> [TASK REQUIREMENTS]: Reproduce the data below exactly as written. Pictures do not belong in the copy.

> [DATASET EXCERPT]:
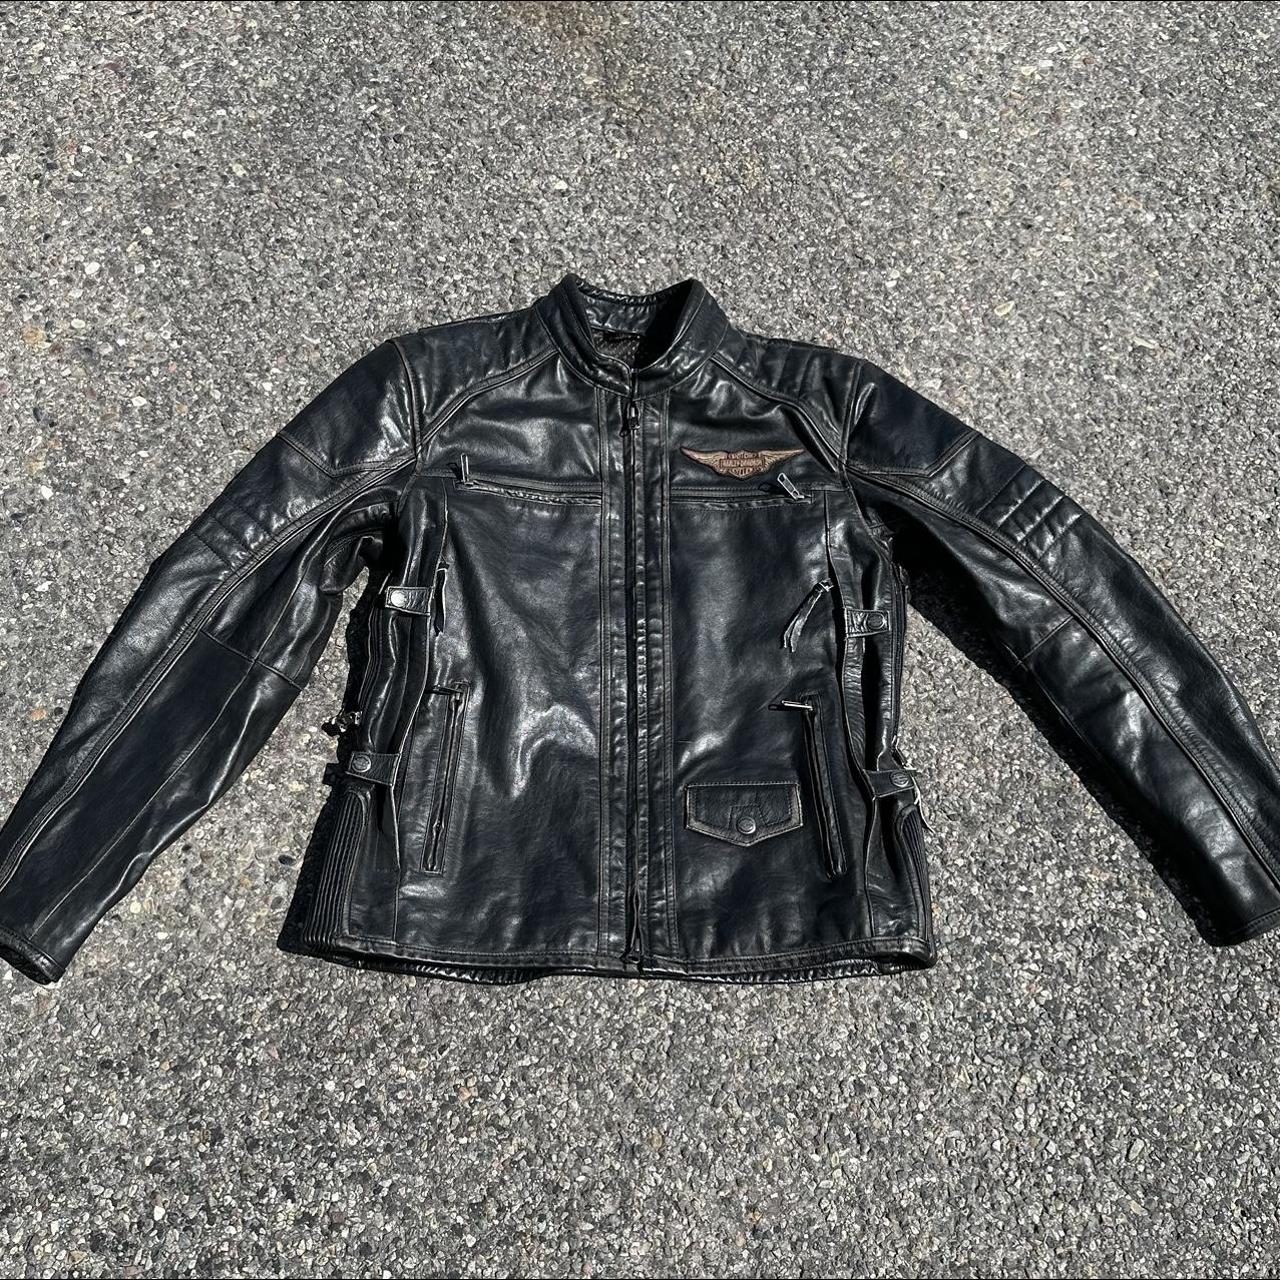 Harley Davidson Leather riding jacket size large. No... - Depop
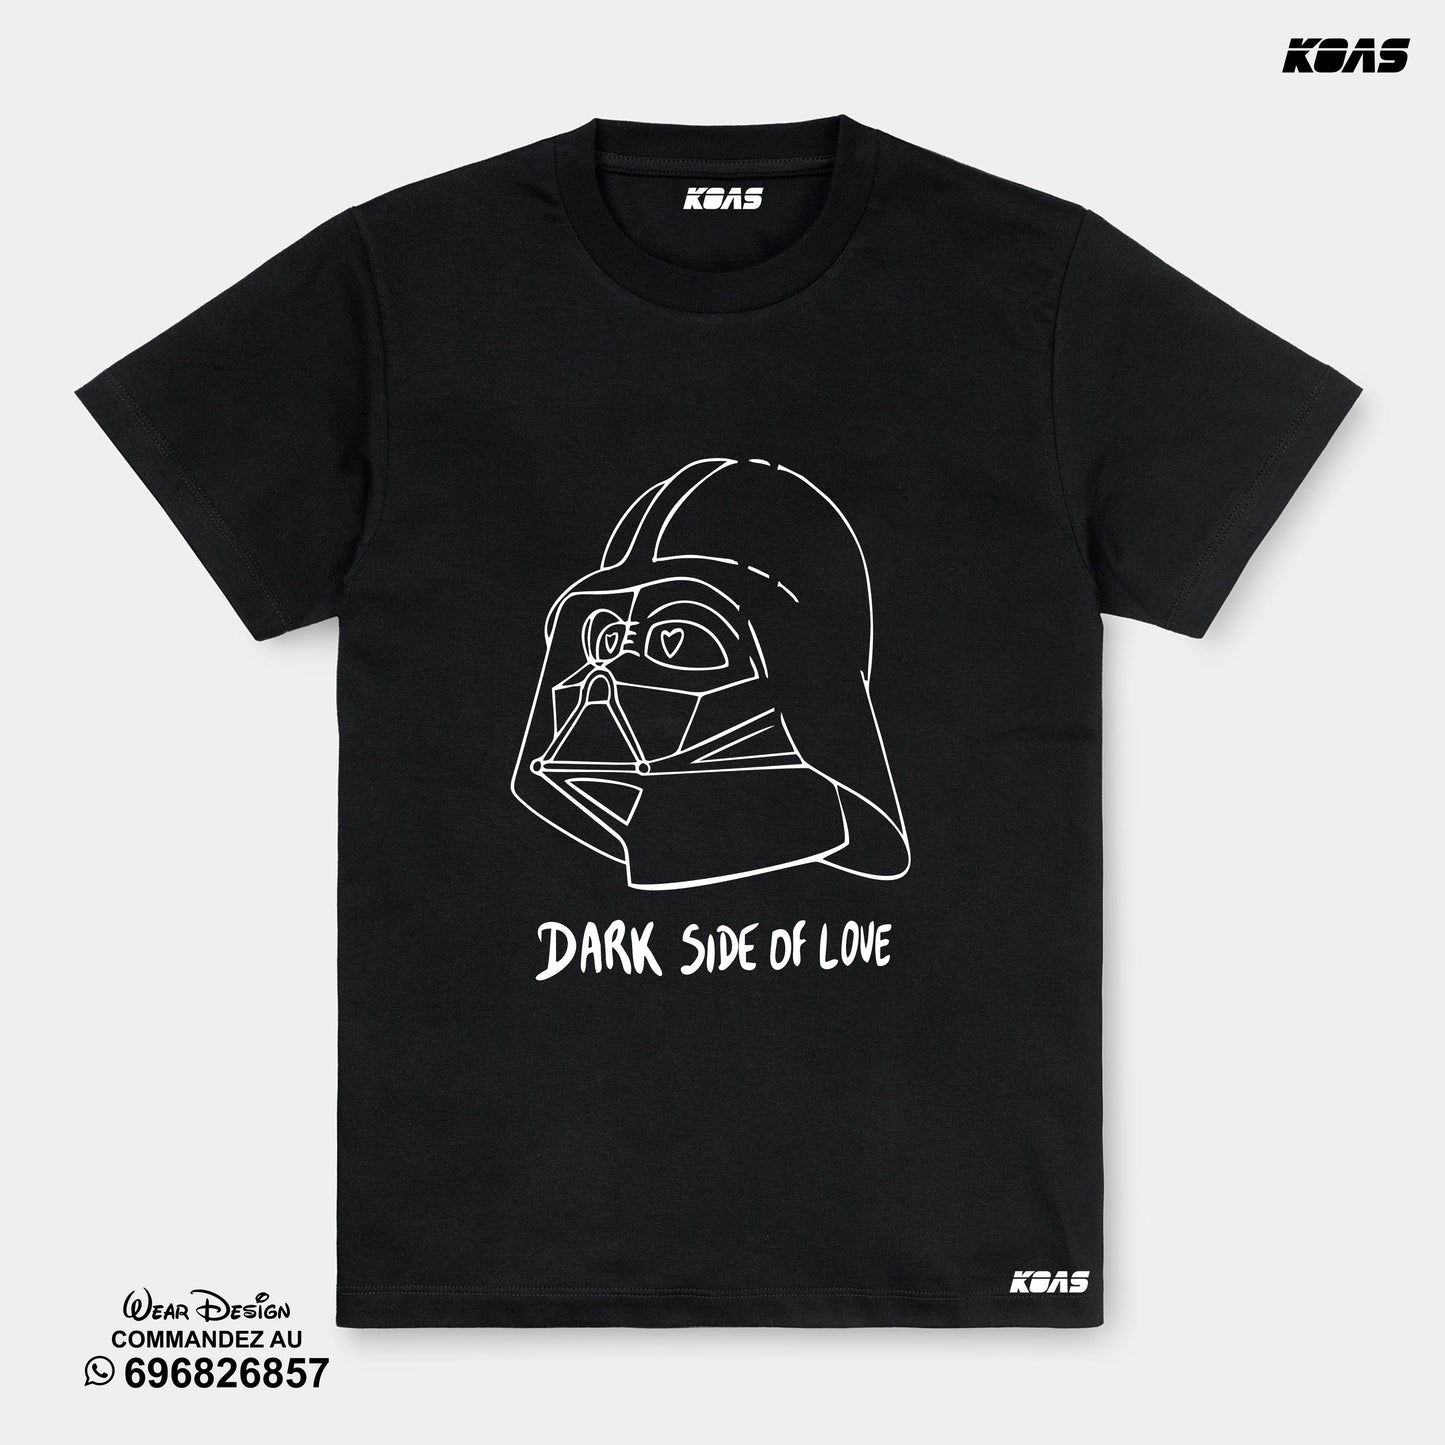 Dark side of love - Tshirt
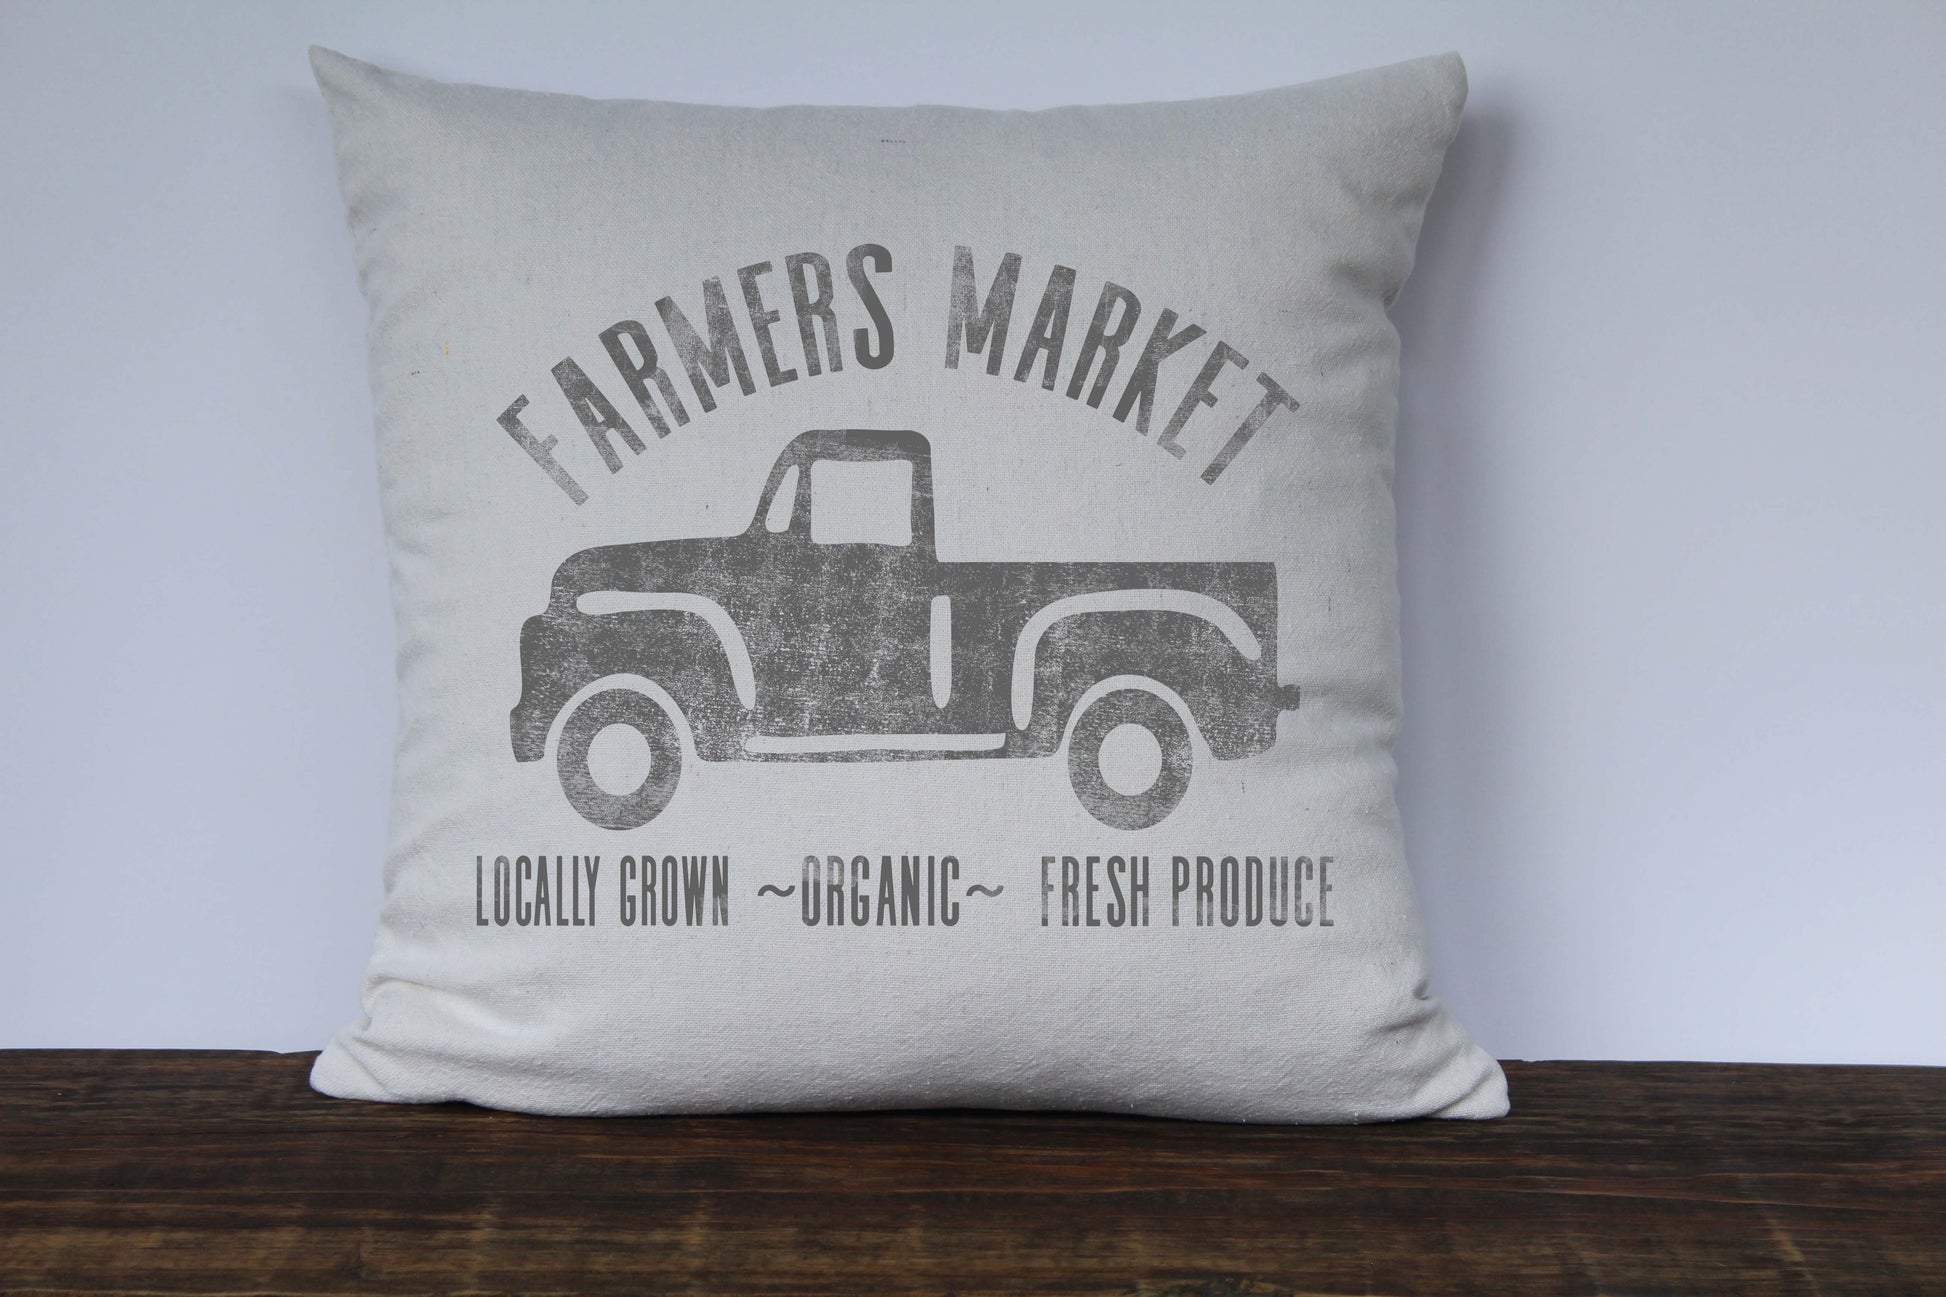 Farmers Market Vintage Truck Pillow Cover - Returning Grace Designs

> [SOLUTION TO THIS PROBLEM]:
 Harley Davidson Leather riding jacket size large. No... - Depop
 Dark side of love - Tshirt
 Farmers Market Vintage Truck Pillow Cover - Returning Grace Designs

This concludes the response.